You can see that they're going to miss the bus yet again. Thrashing around blindly, trying to reconcile orthodox macroeconomics with new synthetic theorems will not alter the simple political fact that monopolies control the CBs and not by accident.

Look at American history because there are some wonderfully transparent examples there. If a mob can stomr Biddle’s house in 1838 for inducing the crisis, why can’t today’s public be equally perspicacious?

There are elements of truth in this:

The truth may be simpler and more depressing: that no economic theory can perform the feats its users have come to expect of it. Economics is unlikely ever to be very good at predicting the future. Too much of what happens in an economy depends on what people expect to happen. Even state-of-the-art forecasts are therefore better guides to the present mood than the future though they may also be self-fulfilling prophecies.

Au contraire – economic theory, such as that followed by the wolves is centuries old and has served them well – their own theory of induced cycles. It’s a self-fulfilling prophesy kept in-house and worked towards to ensure the ongoing hegemony of the old money.

Economists are going to sidestep this post and say, “What would he know? Where’s his LSE qualification? Sheesh – he doesn’t even speak the lingo.” They're going to look at the "unworkable and idealistic oversimplification" in the four points above and smile indulgently. Therein lie the origins of our demise - the inability of our economists to think more laterally about true causes of why we're at the mercy of the usurers.

Everyone and his dog has his own theory - make tax goods based, make it income based, introduce CBI - none of it can have any lasting effect if we continue to play down the very real role of the global money, the old money and its source.

Unless economists really do want the general acceptance among the population of the globalists' "it's capitalism which caused this" cry, unless they want the financial markets even further regulated but by the wrong people, then they need to get on board with radically fundamental economics ... in other words, simple common sense.

Just as Deep Throat urged, “Follow the money,” so I and many others urge, “Follow the history.”
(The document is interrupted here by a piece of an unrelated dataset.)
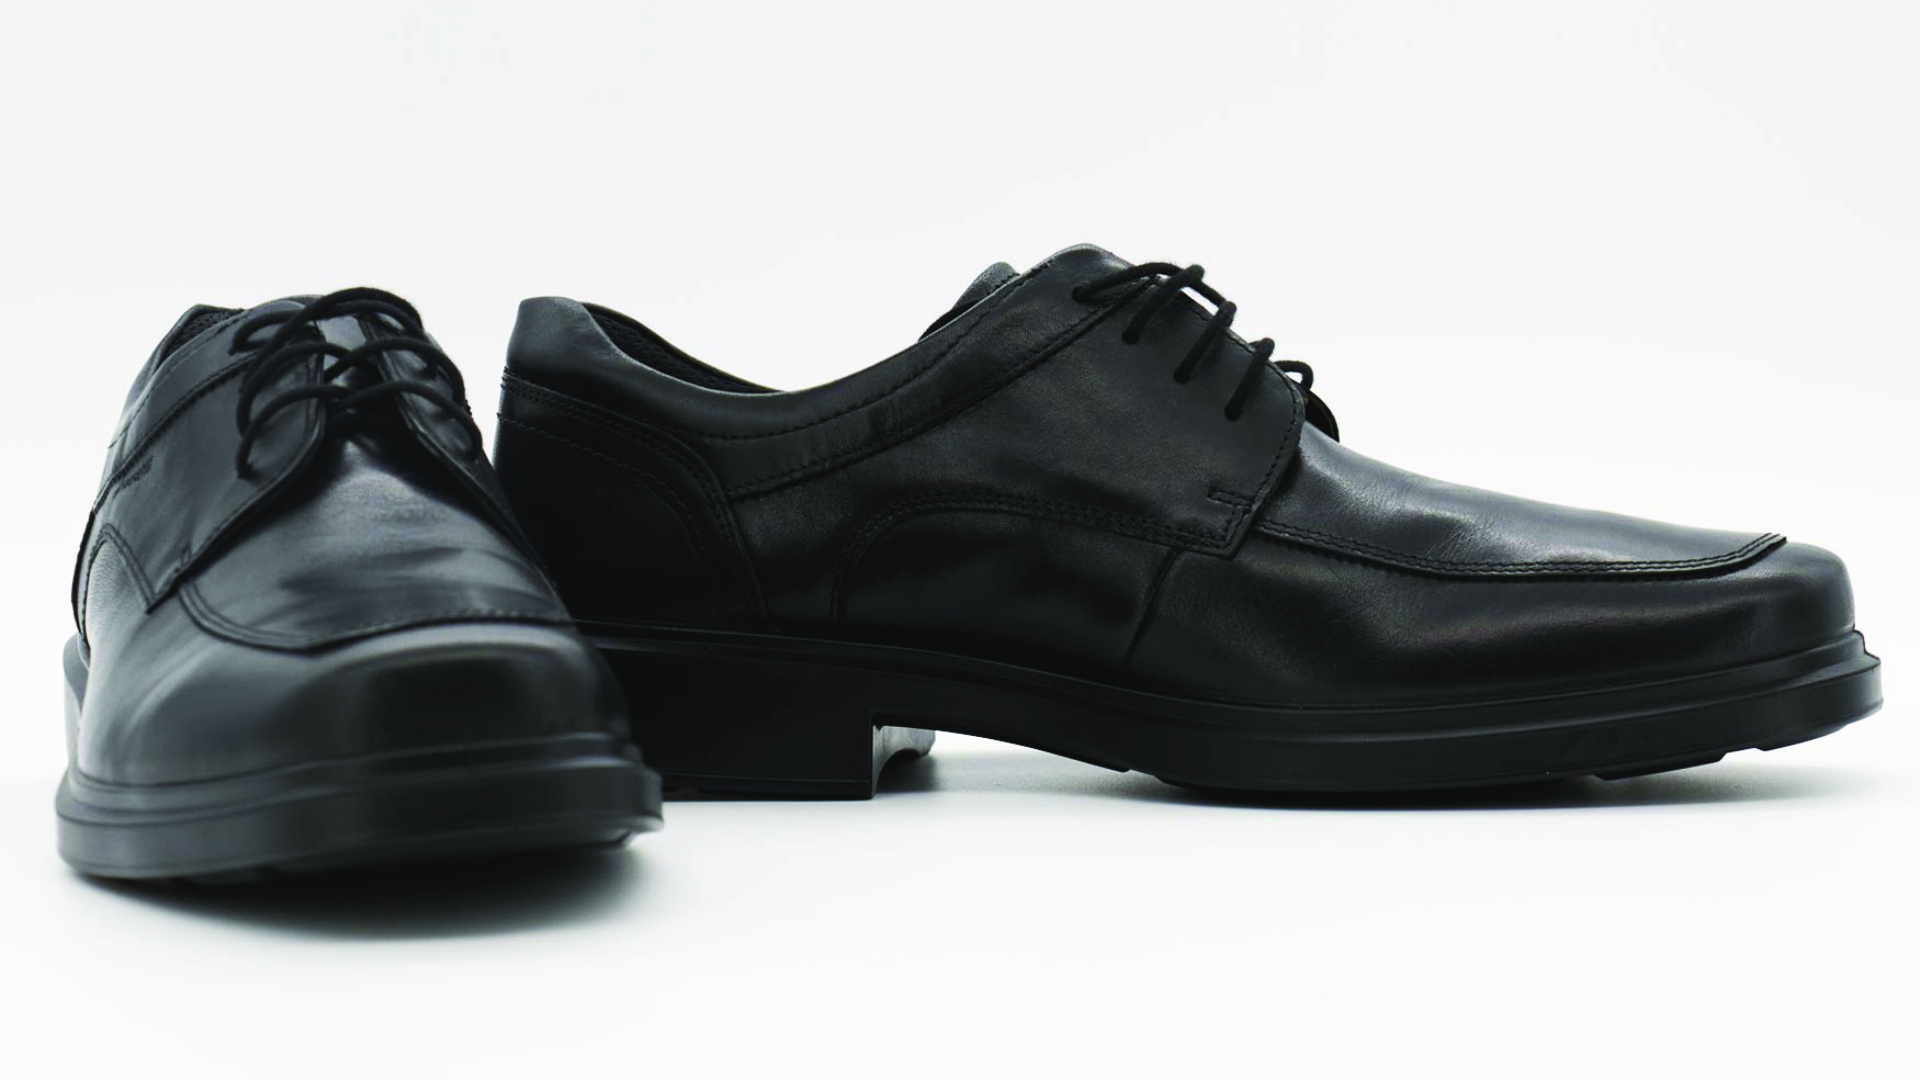 A pair of Ecco Helsinki 2 smart shoes, perfect for working professionals looking to improve their posture and reduce knee pain while maintaining a professional look, as recommended by shoefit.uk.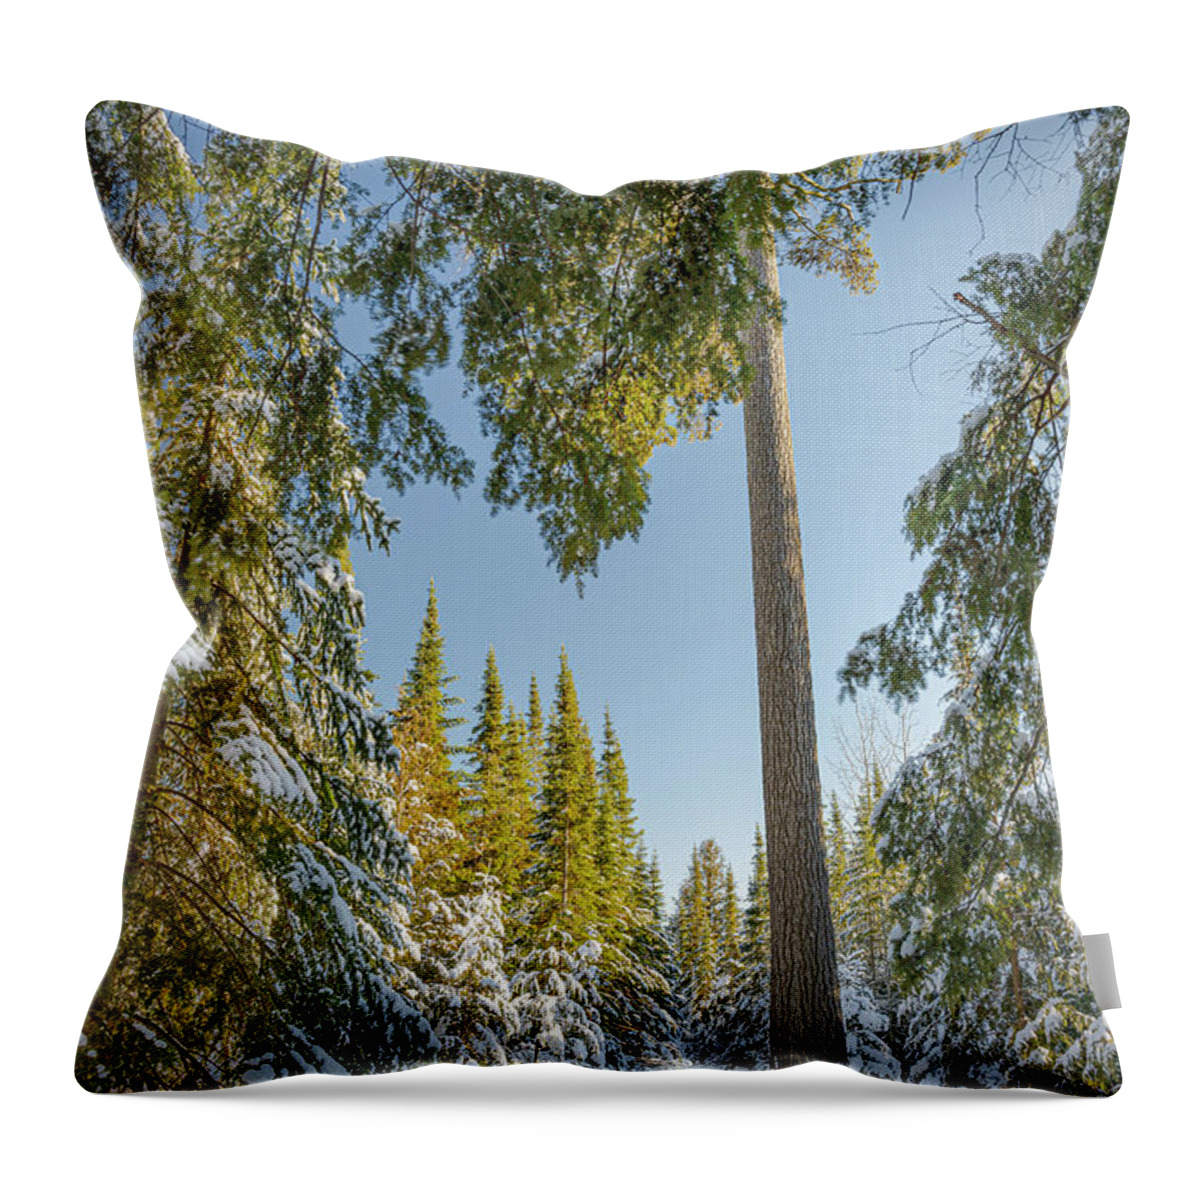 #winter #landscape #photograph #fine Art #door County #wisconsin #midwest #wall Décor #wall Art #hiking #walking #long Exposure #focus Stacking #hdr Photography #adventure #outside #environment #outdoor Lover #snow #ice #cold #snowshoeing # Cross Country Skiing   Throw Pillow featuring the photograph Tall by David Heilman

We can't make the change? History does not agree with that objection.

Part 2 is here.

1 comment:

  1. Macro-economics is all hokum anyway. Micro-economics is what matters, and micro-economic decisions are best left to individuals so it's interesting to study it, but a micro-economist's ideal is to leave things alone as far as possible (a bit like astronomers who know how stars and planets work without any notion of influencing their behaviour).

    All these grand solutions for preventing credit bubbles miss the point - you can't have a credit bubble without an asset price bubble, which in most Western economies means a property price bubble.

    Seeing as the government has to raise some taxes (however much or little) somehow, why not shift from taxing incomes to taxing property values, especially as property values are largely a function of how restricted planning permission is (i.e. a state-engineered artificial shortage that merely benefits existing property owners at the expense of those who wish to 'buy in' to the dream)?

    The tax would act like a higher interest rate on property values alone, without dampening the real economy.

    And sure, shut down the central banks, there's no reason to assume that they can set interest rates and better than the markets can.

    But 'full reserve banking' is not a good idea - what it means is that banks wouldn't be able to on-lend cash deposits, so savers would earn no interest and there'd be less money for businesses to borrow.

    Finally, of course banks will play fast and loose. Provided the government refuses to bail them out and makes them sort themselves out by debt-for-equity swaps when they get in a mess, that's not really an issue.